What needs to be done> Output the full listing below exactly; the images stay out.

Dataset content>

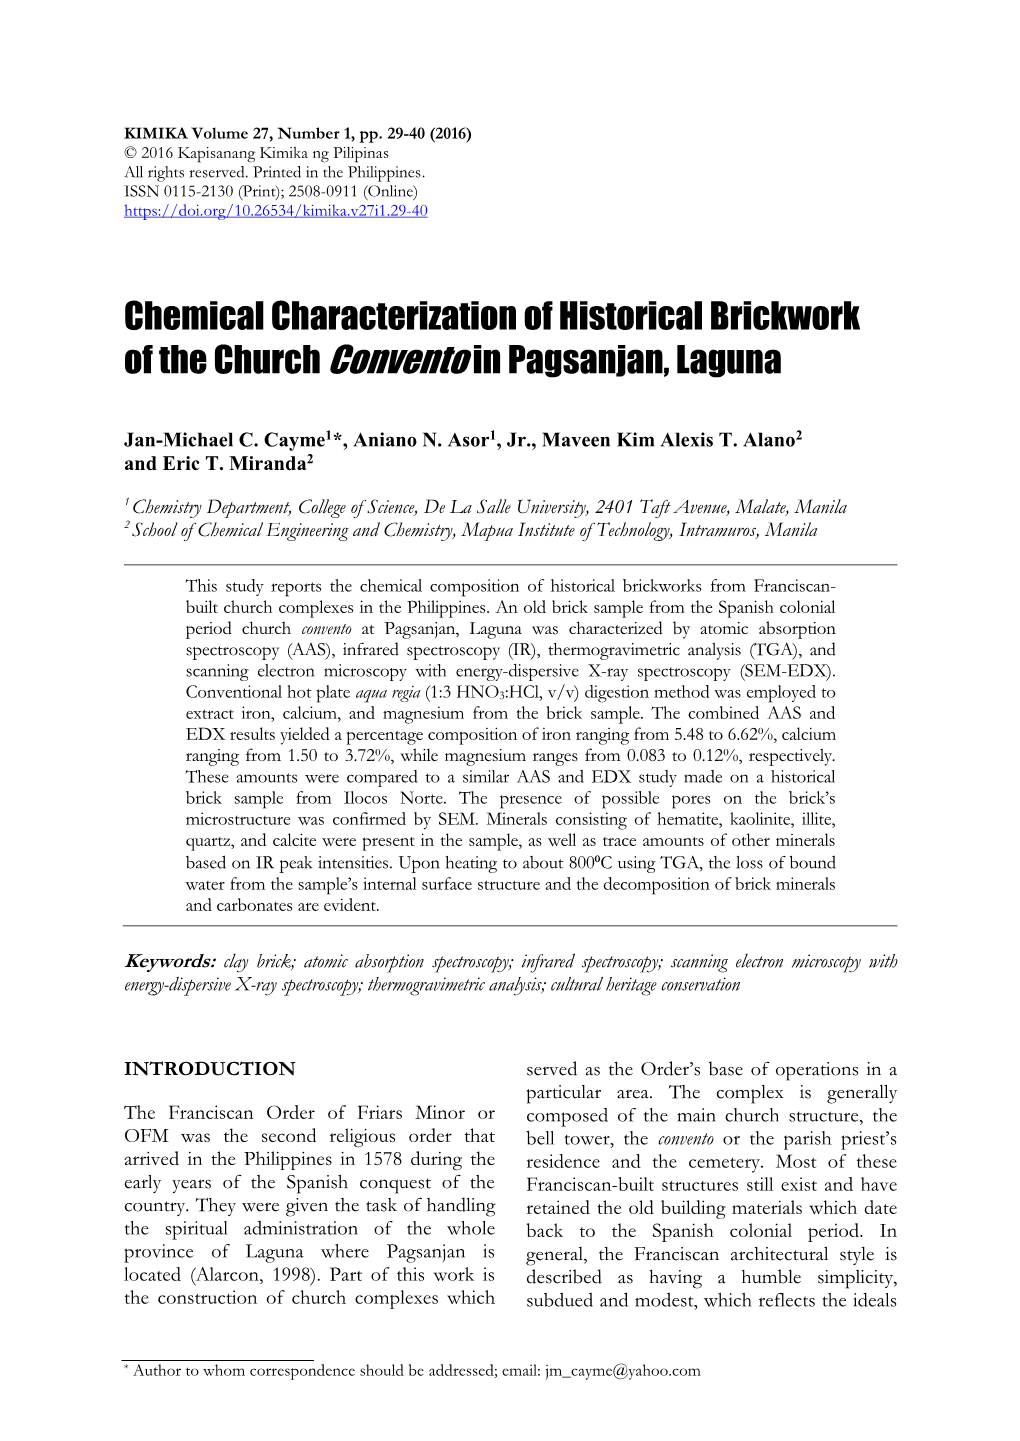 Chemical Characterization of Historical Brickwork of the Church Convento in Pagsanjan, Laguna
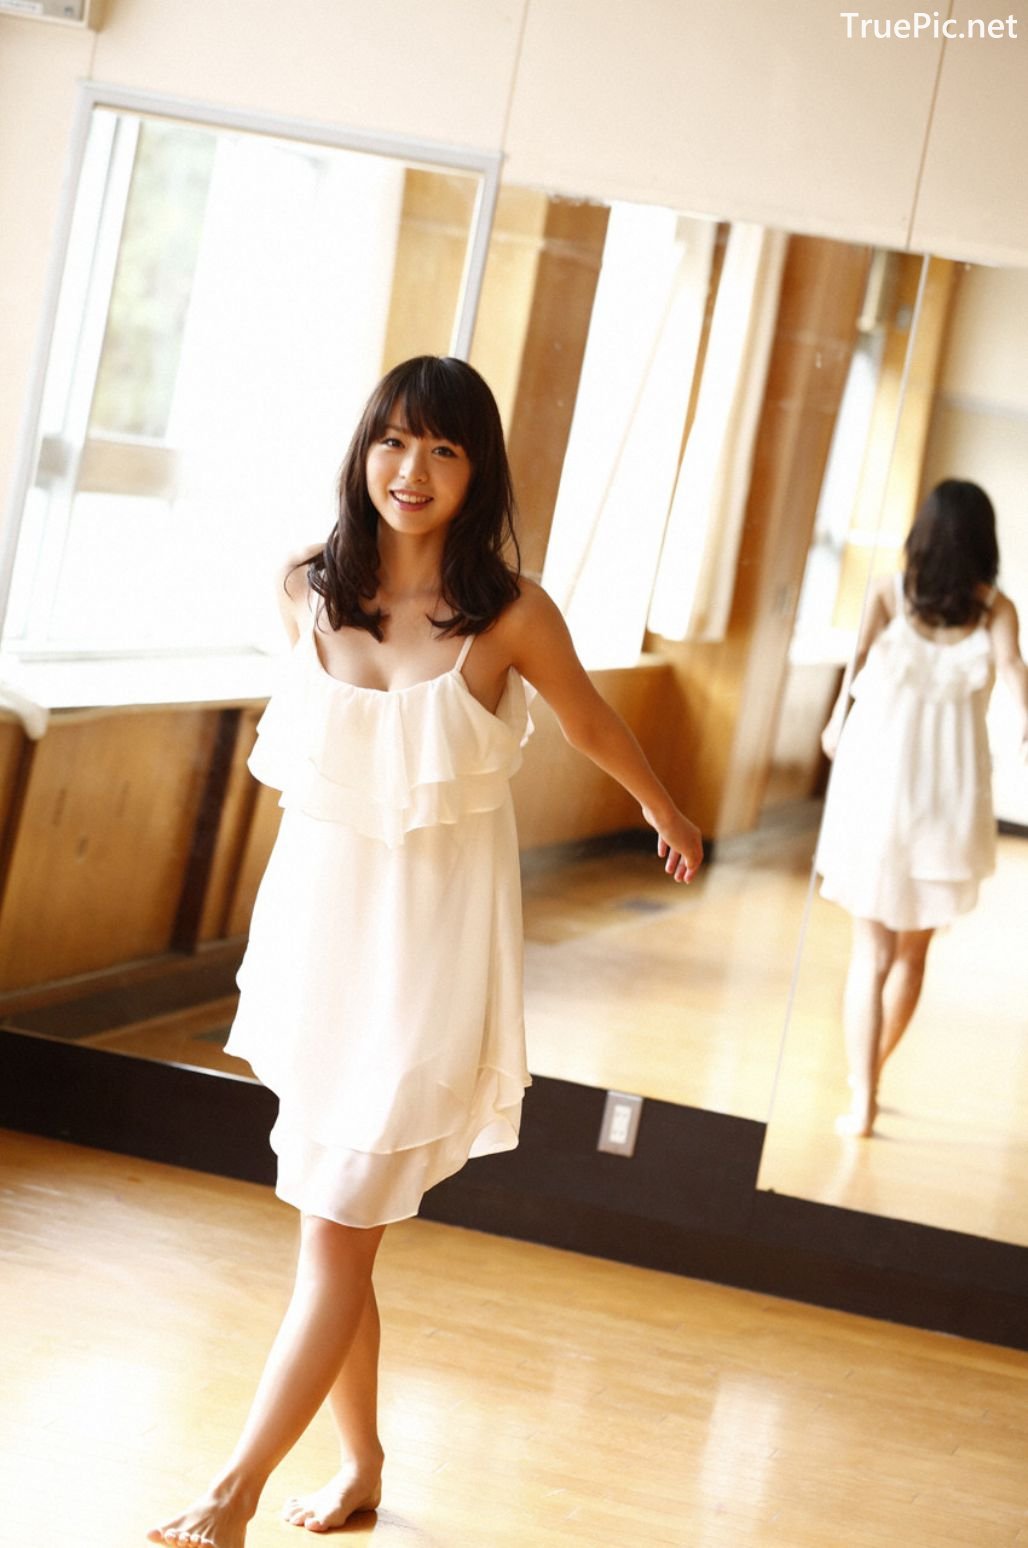 Image-Japanese-Gravure-Idol-Mio-Otani-Photos-Purity-Miss-Magazine-TruePic.net- Picture-26
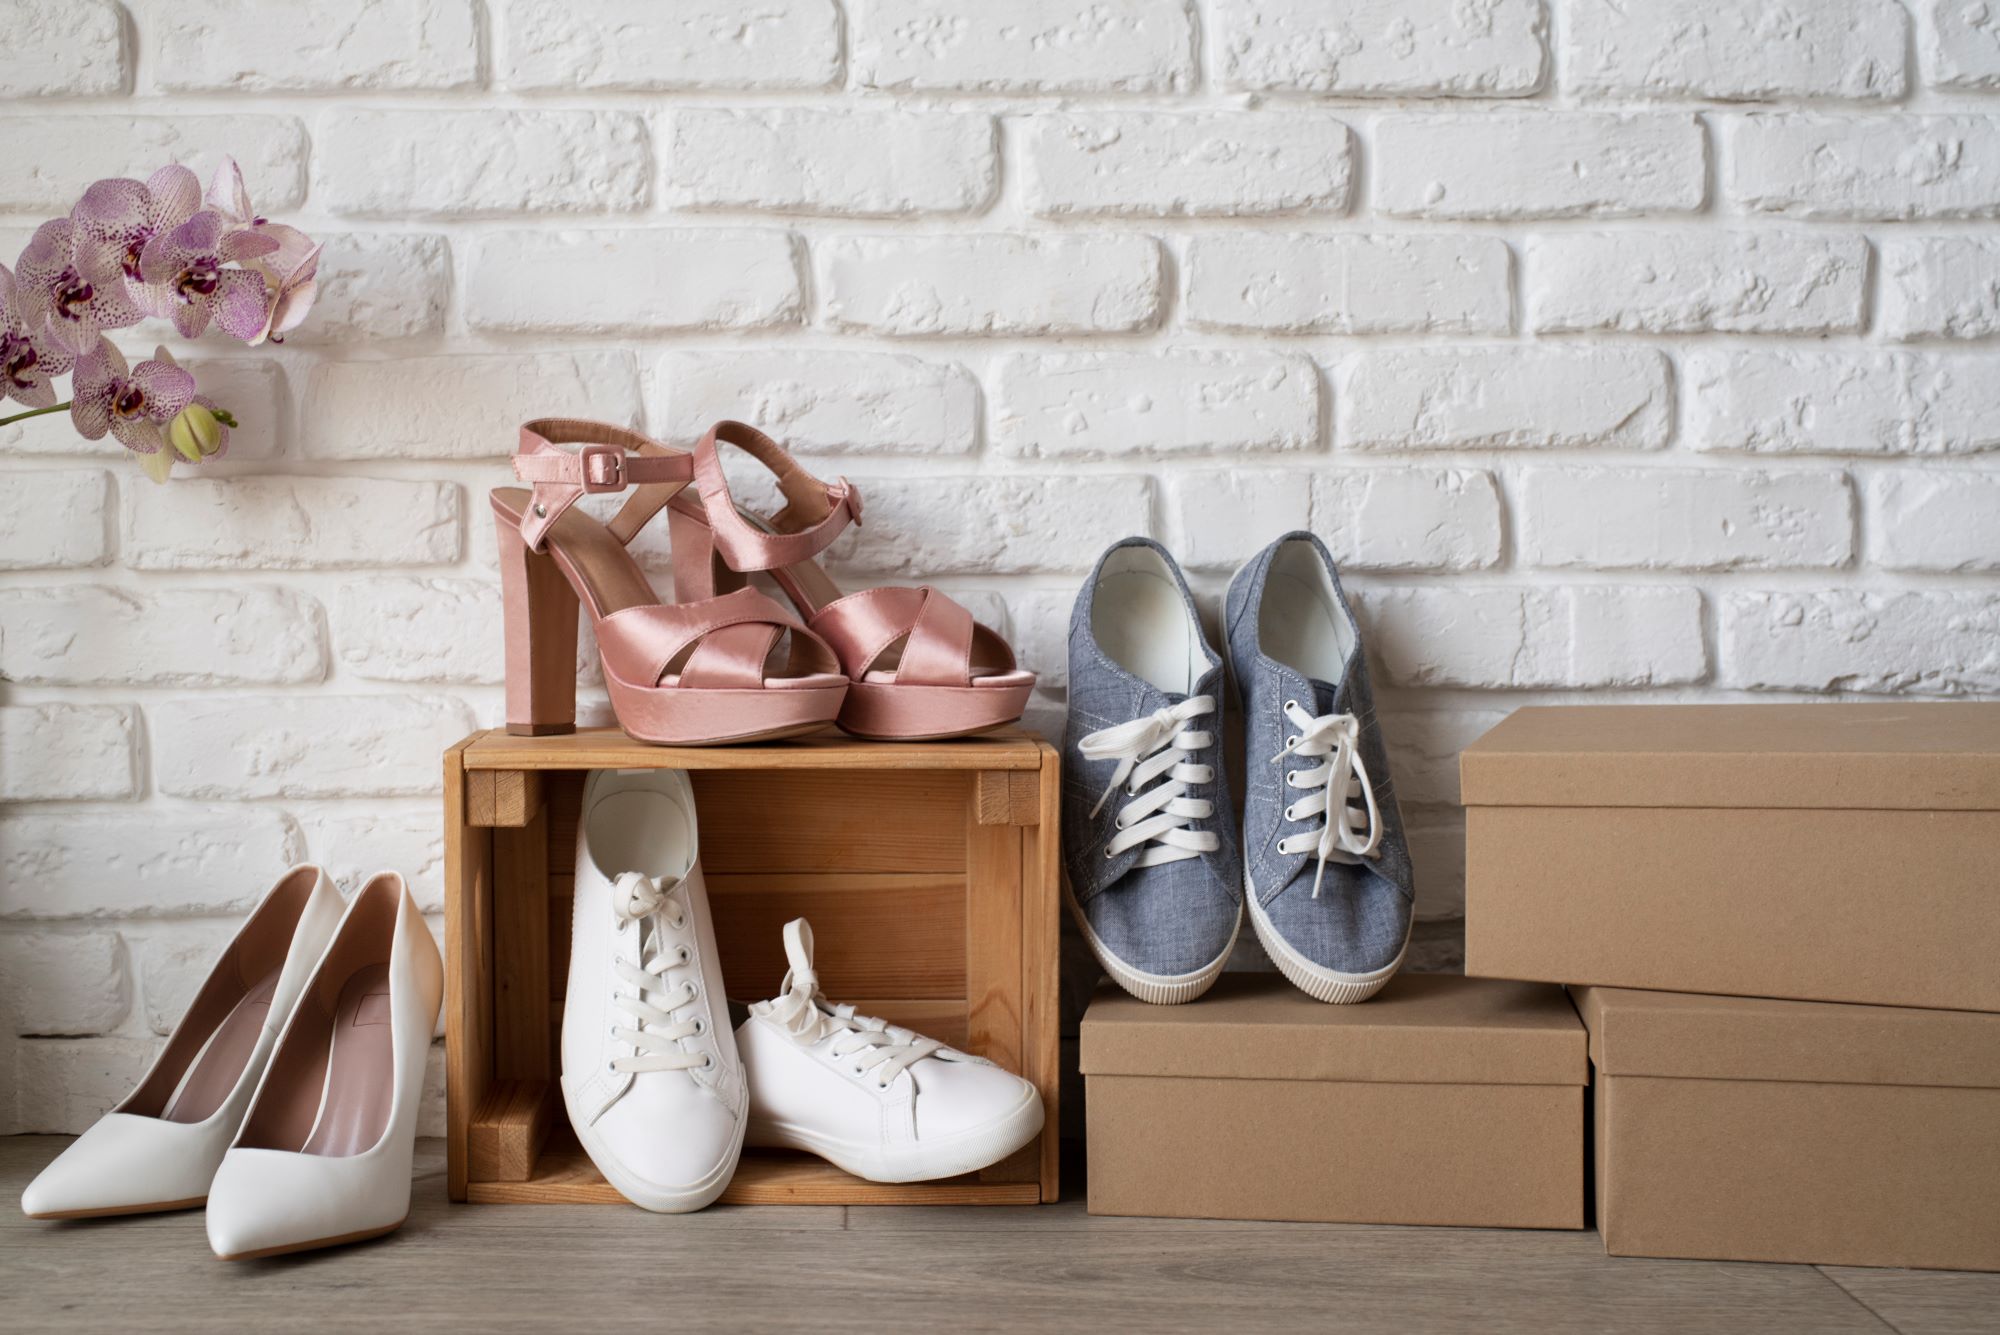 You are currently viewing DIY: איך בונים ארון נעליים?

Solution to this exercise>
 Chemical Characterization of Historical Brickwork of the Church Convento in Pagsanjan, Laguna
 Image-Japanese-Gravure-Idol-Mio-Otani-Photos-Purity-Miss-Magazine-TruePic.net- Picture-26
 You are currently viewing DIY: איך בונים ארון נעליים?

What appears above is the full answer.